| EXERCISE DIRECTIONS |
Below are some records. Return exactly their lines from the one containing "Latest GOF3.1 present day forecast" through the one containing "India Fashion Awards", and drop the pictures.

START DATA SECTION

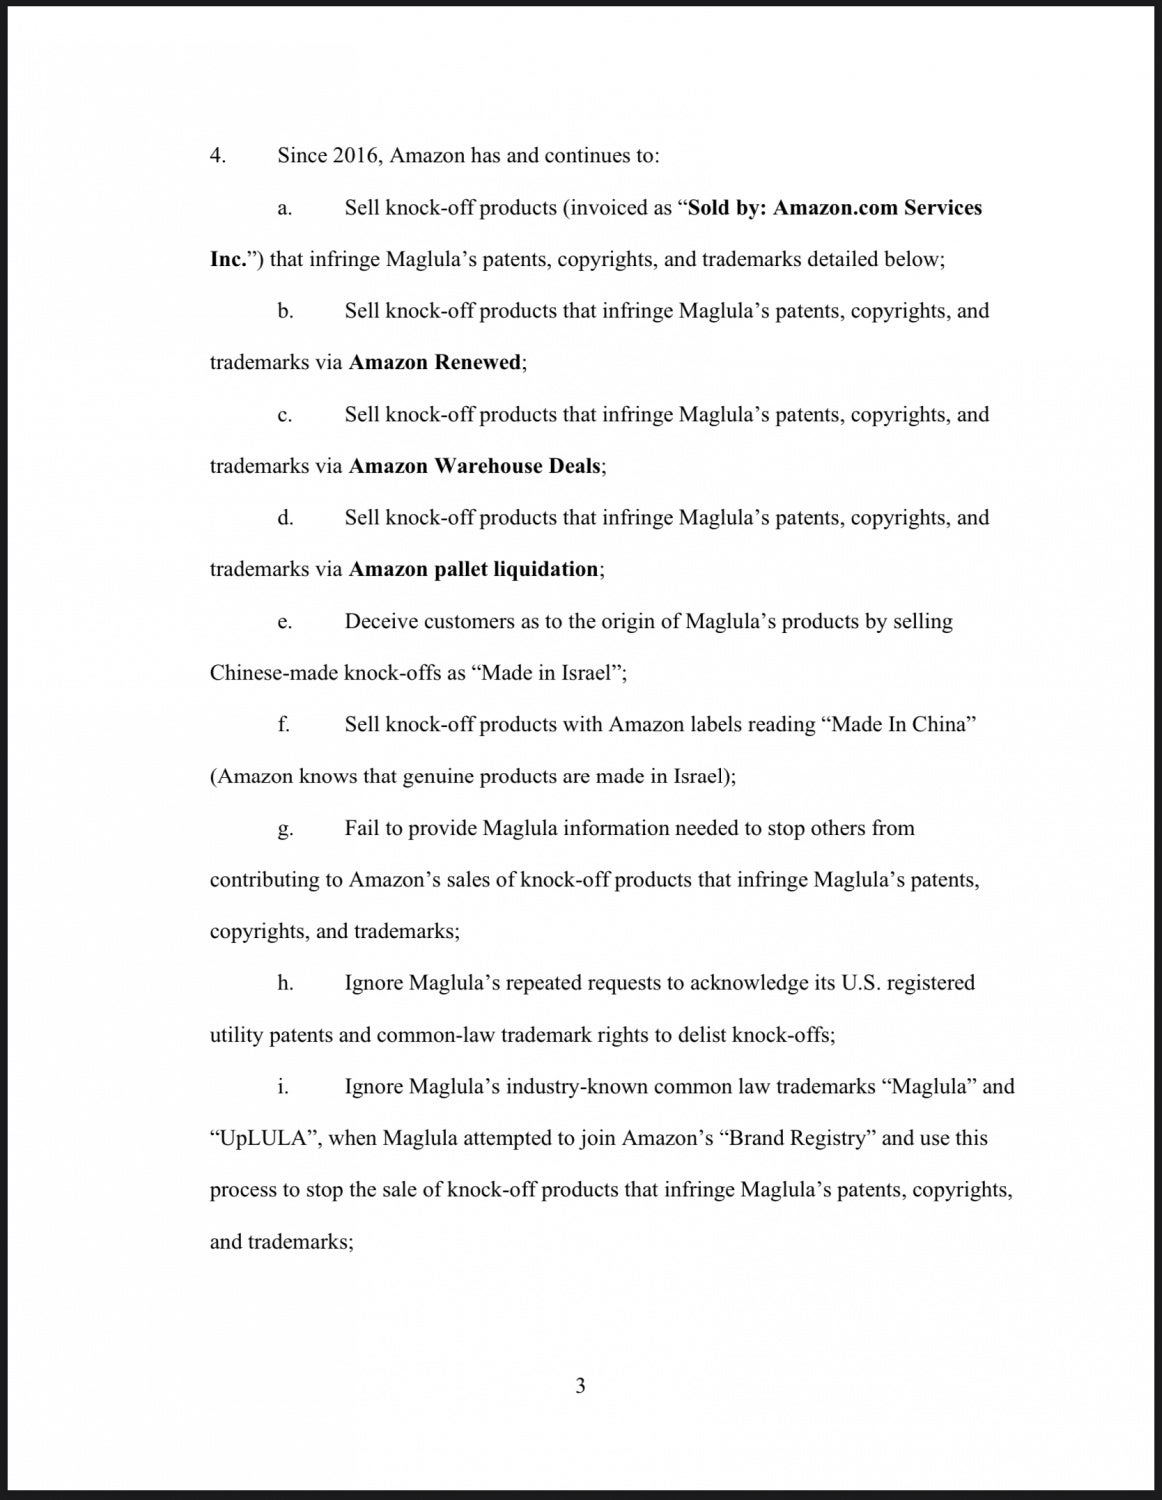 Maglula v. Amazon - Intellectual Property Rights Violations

END DATA SECTION
START DATA SECTION

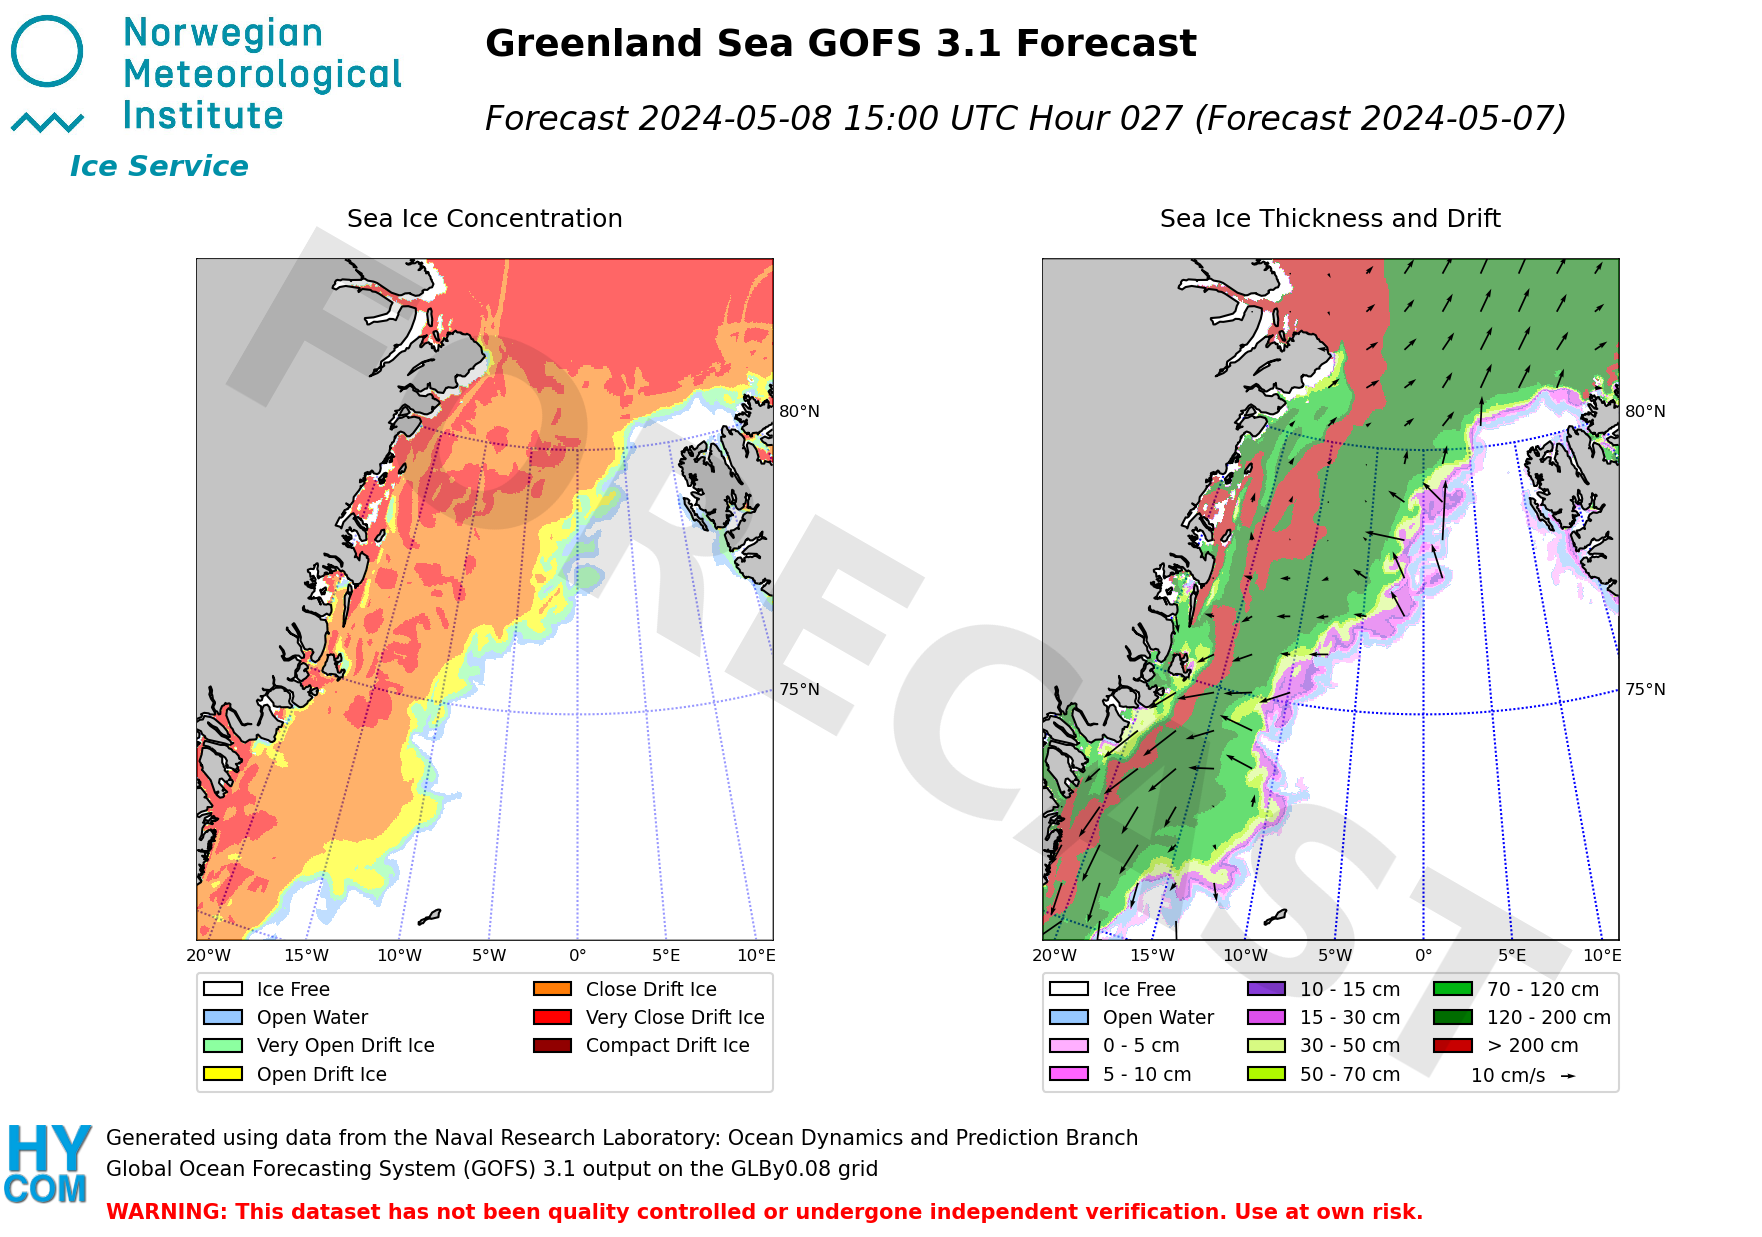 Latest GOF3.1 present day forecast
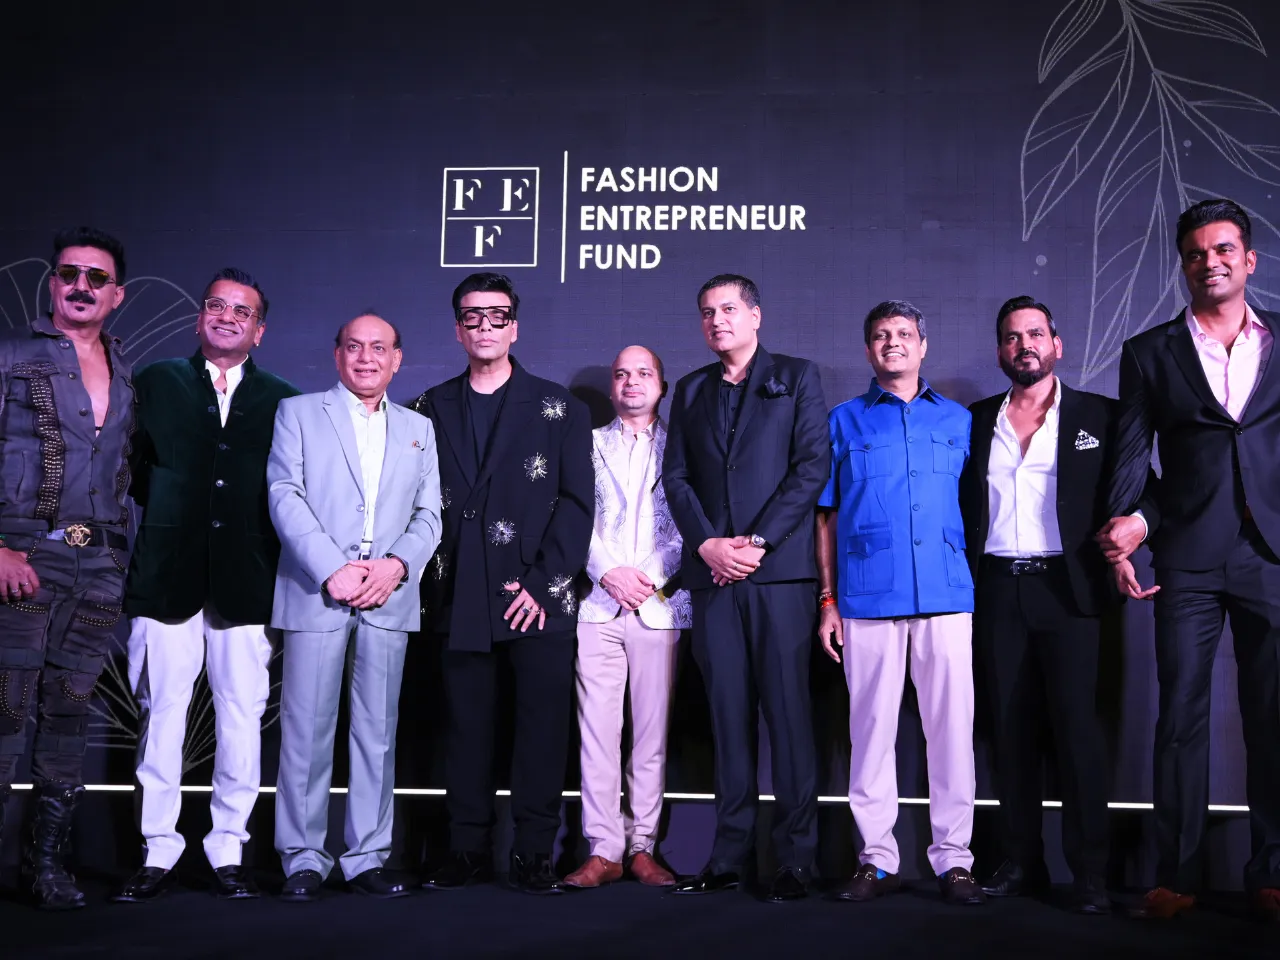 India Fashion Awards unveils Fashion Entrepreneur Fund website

END DATA SECTION
START DATA SECTION

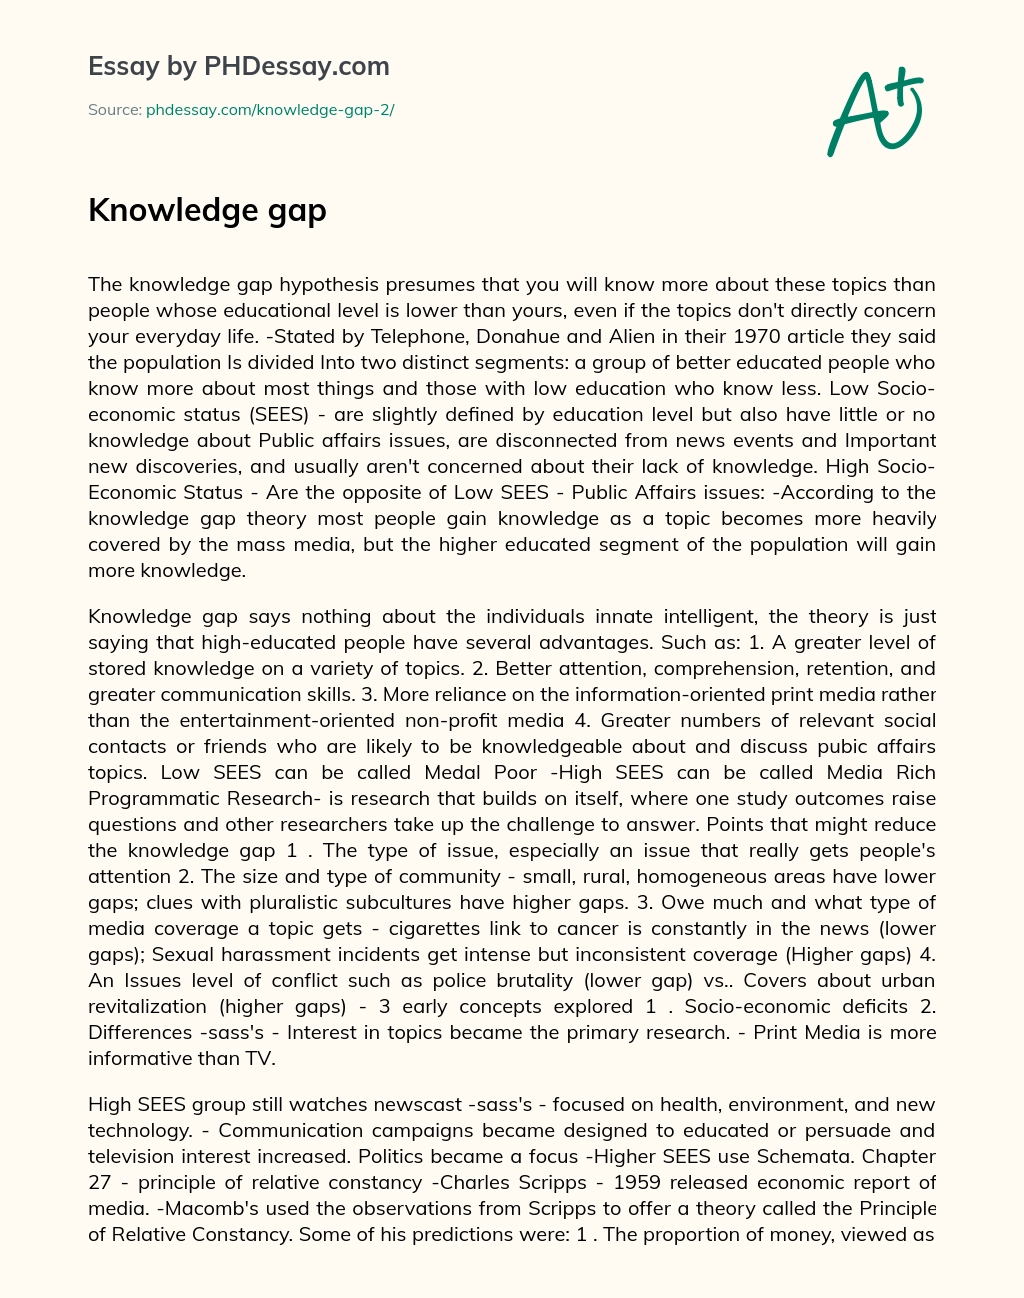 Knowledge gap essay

END DATA SECTION

| ANSWER |
 Latest GOF3.1 present day forecast
 India Fashion Awards unveils Fashion Entrepreneur Fund website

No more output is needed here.